I was doing some reading and read this phrase without anyting else written down.
Suppose $Y\mid Z $ is distributed according to an exponential distribution, $f_{Y\mid Z}(y)=ze^{-zy}$.
Now I wanted to do some calculations with conditional expectations. First $E((E(Y\mid Z))=E\left(\frac{1}{Z}\right)$ since $Y\mid Z$ is exponential distributed. But second we have by tower porperty $E(E(Y\mid Z))=E(Y)$. But in general it is not true that $E(Y)=E\left(\frac{1}{Z}\right)$, so what was I doing wrong here? I can not find the error or did I missunderstood the phrase, but how should one understand this then?

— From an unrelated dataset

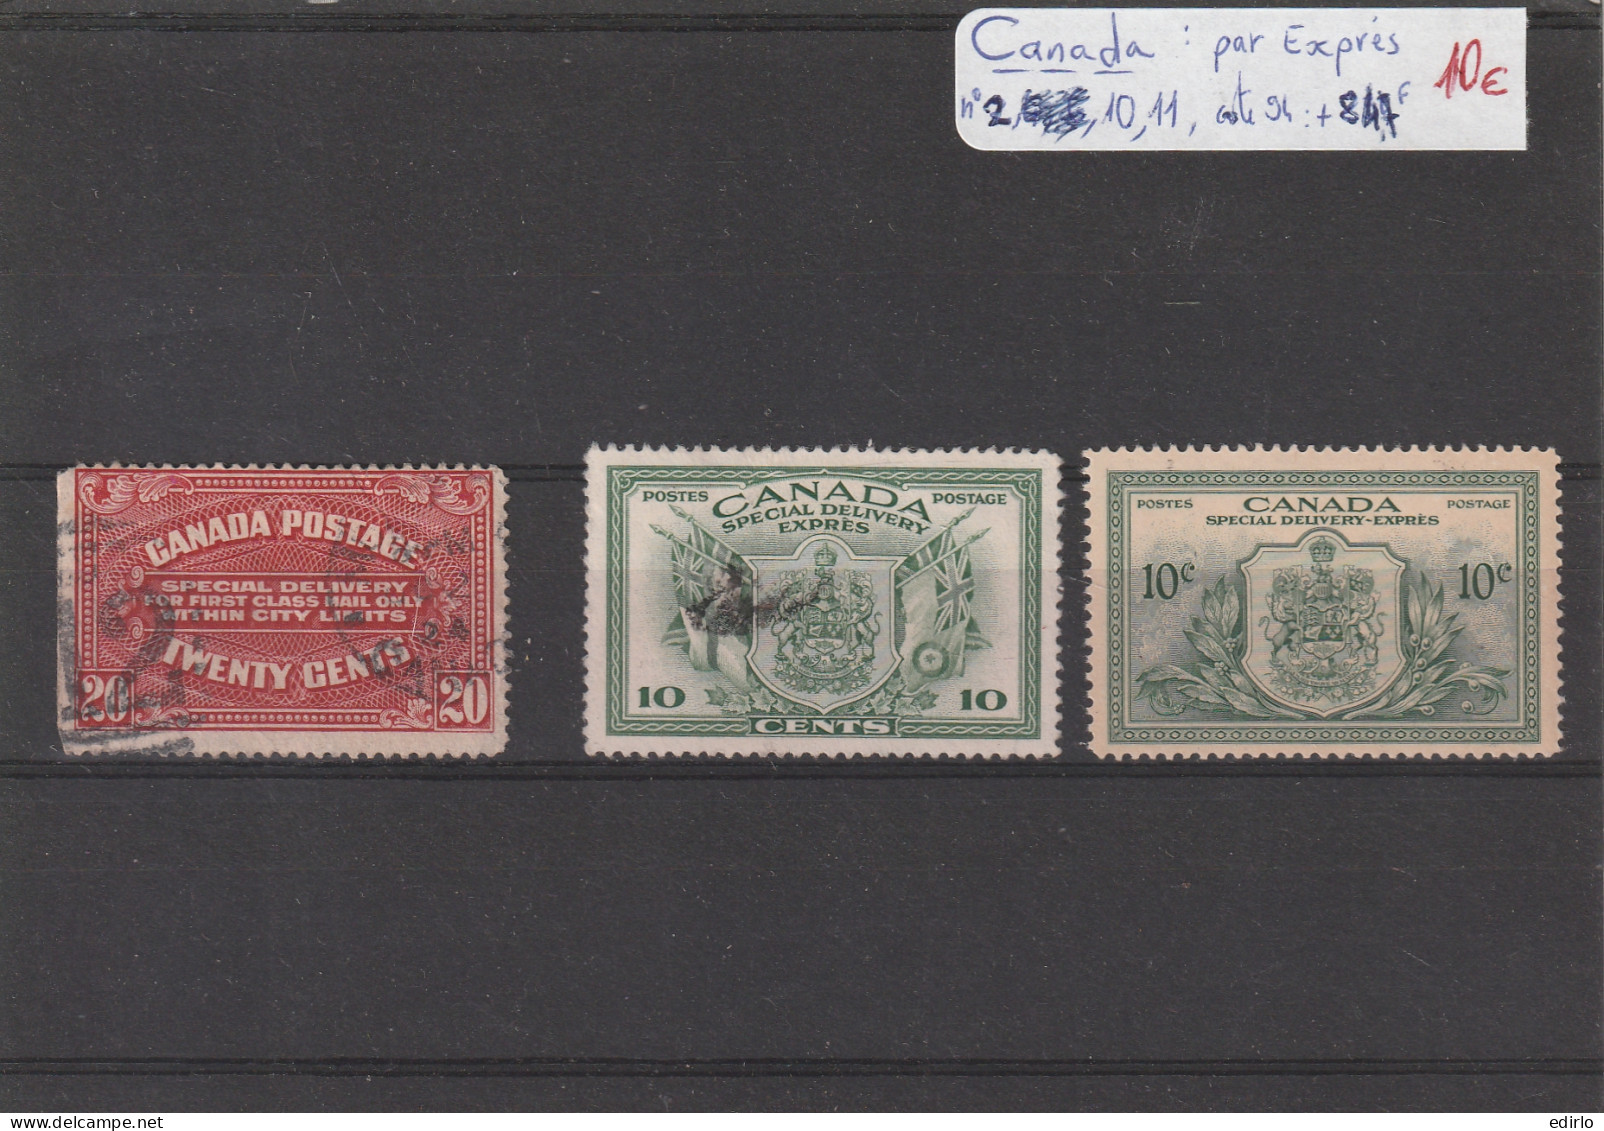 ///   CANADA EXPRESS  ///  3 Timbres N° 2 Obl - N° 10 Sans Gomme N° 11 Charniere Legere  - Correo Urgente

Your calculations are right. Using law of total expectation you have
$$\mathbb{E}[Y]=\mathbb{E}\{\mathbb{E}[Y|Z]\}=\mathbb{E}[1/Z]$$
This is true in this case because $(Y|Z=z)\sim \exp(z)$. In general you have to derive the conditional expectation $\mathbb{E}[Y|Z]$ which is always a function of $Z$
now to calculate $\mathbb{E}[Y]$ you have to know the distribution of $Z$
just as an example, if $Z\sim U(1;2)$ you get
$$\mathbb{E}[Y]=\int_1^2 \frac{1}{z}dz=\log 2$$